**PROVIDED MATERIAL:**
BEGIN
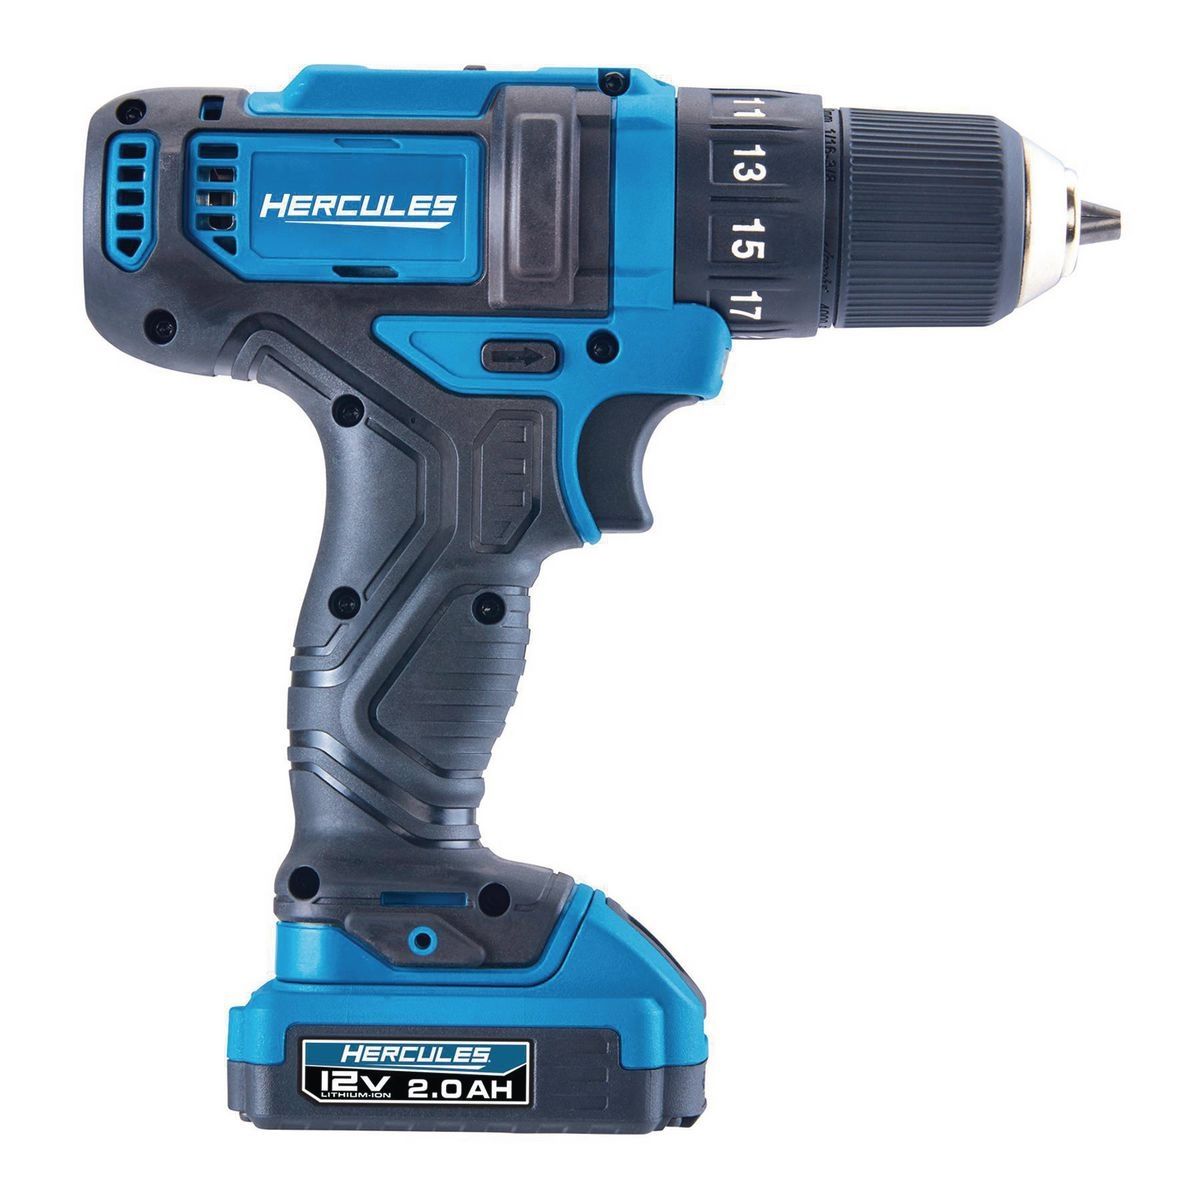 Hercules 12V Cordless 3/8 in. Compact Drill/Driver - Tool Only
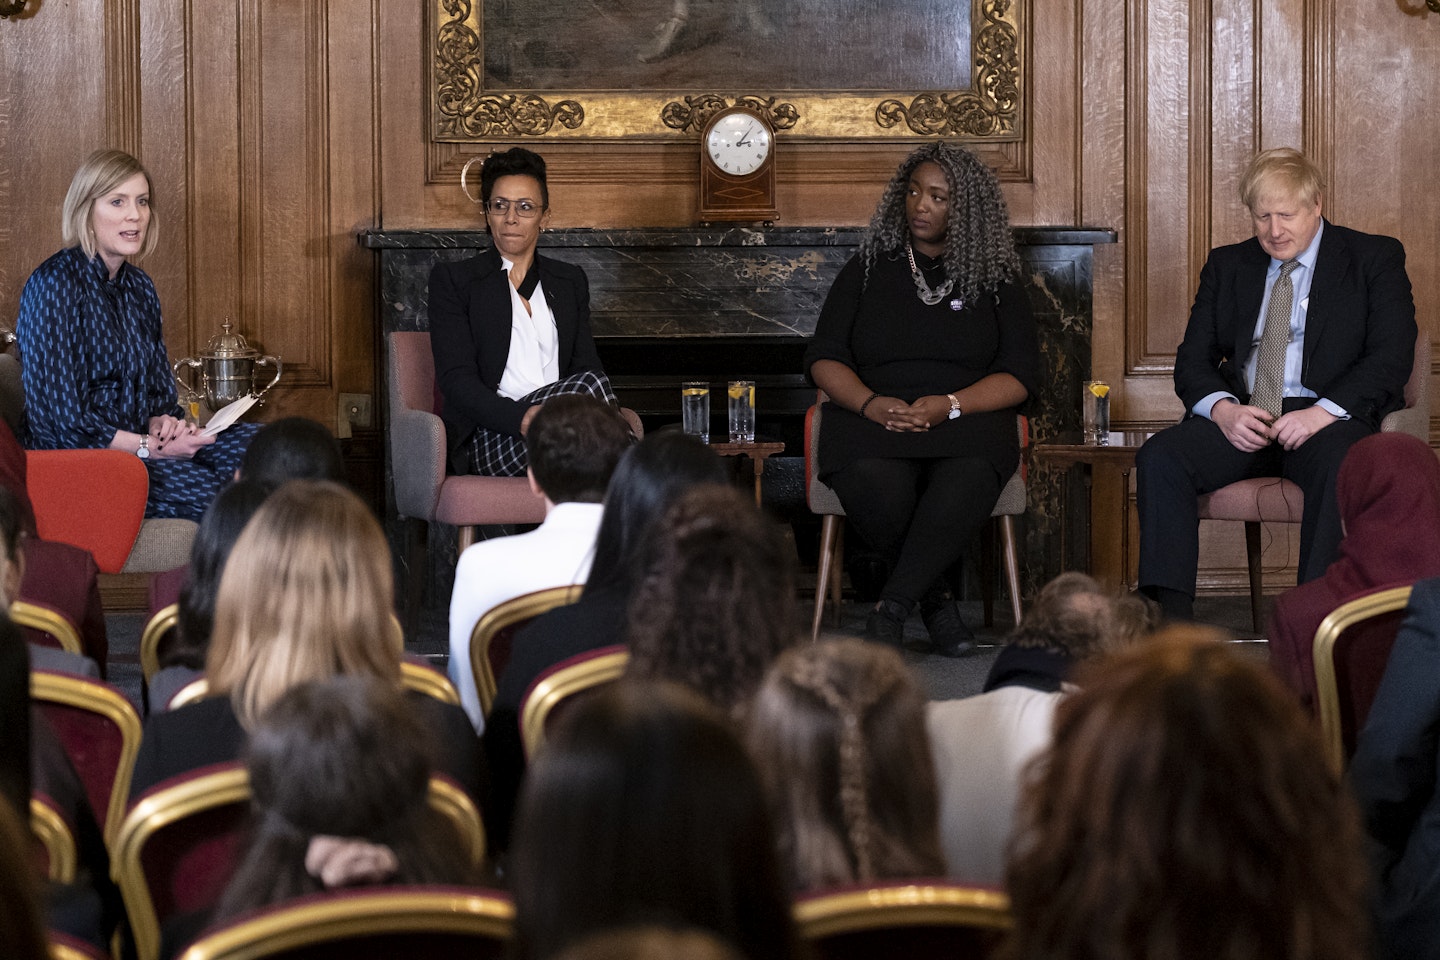 The International Women's Day Panel at Downing Street
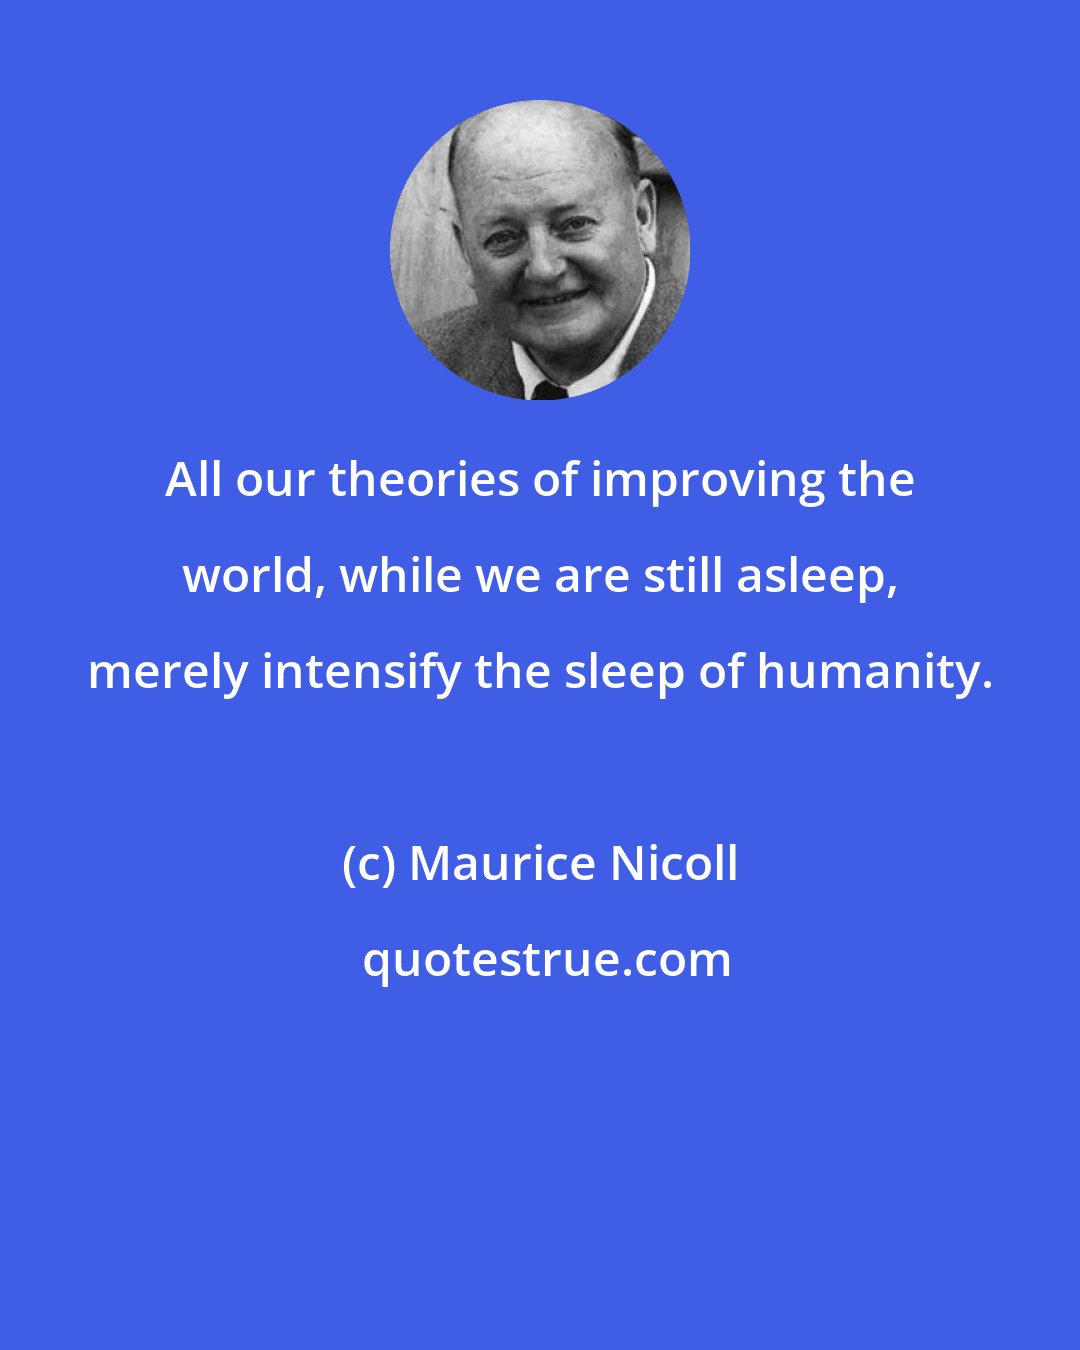 Maurice Nicoll: All our theories of improving the world, while we are still asleep, merely intensify the sleep of humanity.
END
**EXERCISE DETAILS:**
From the first line to the last, retype the data exactly, without images.

**TASK RESPONSE:**
 Hercules 12V Cordless 3/8 in. Compact Drill/Driver - Tool Only
 The International Women's Day Panel at Downing Street
 Maurice Nicoll: All our theories of improving the world, while we are still asleep, merely intensify the sleep of humanity.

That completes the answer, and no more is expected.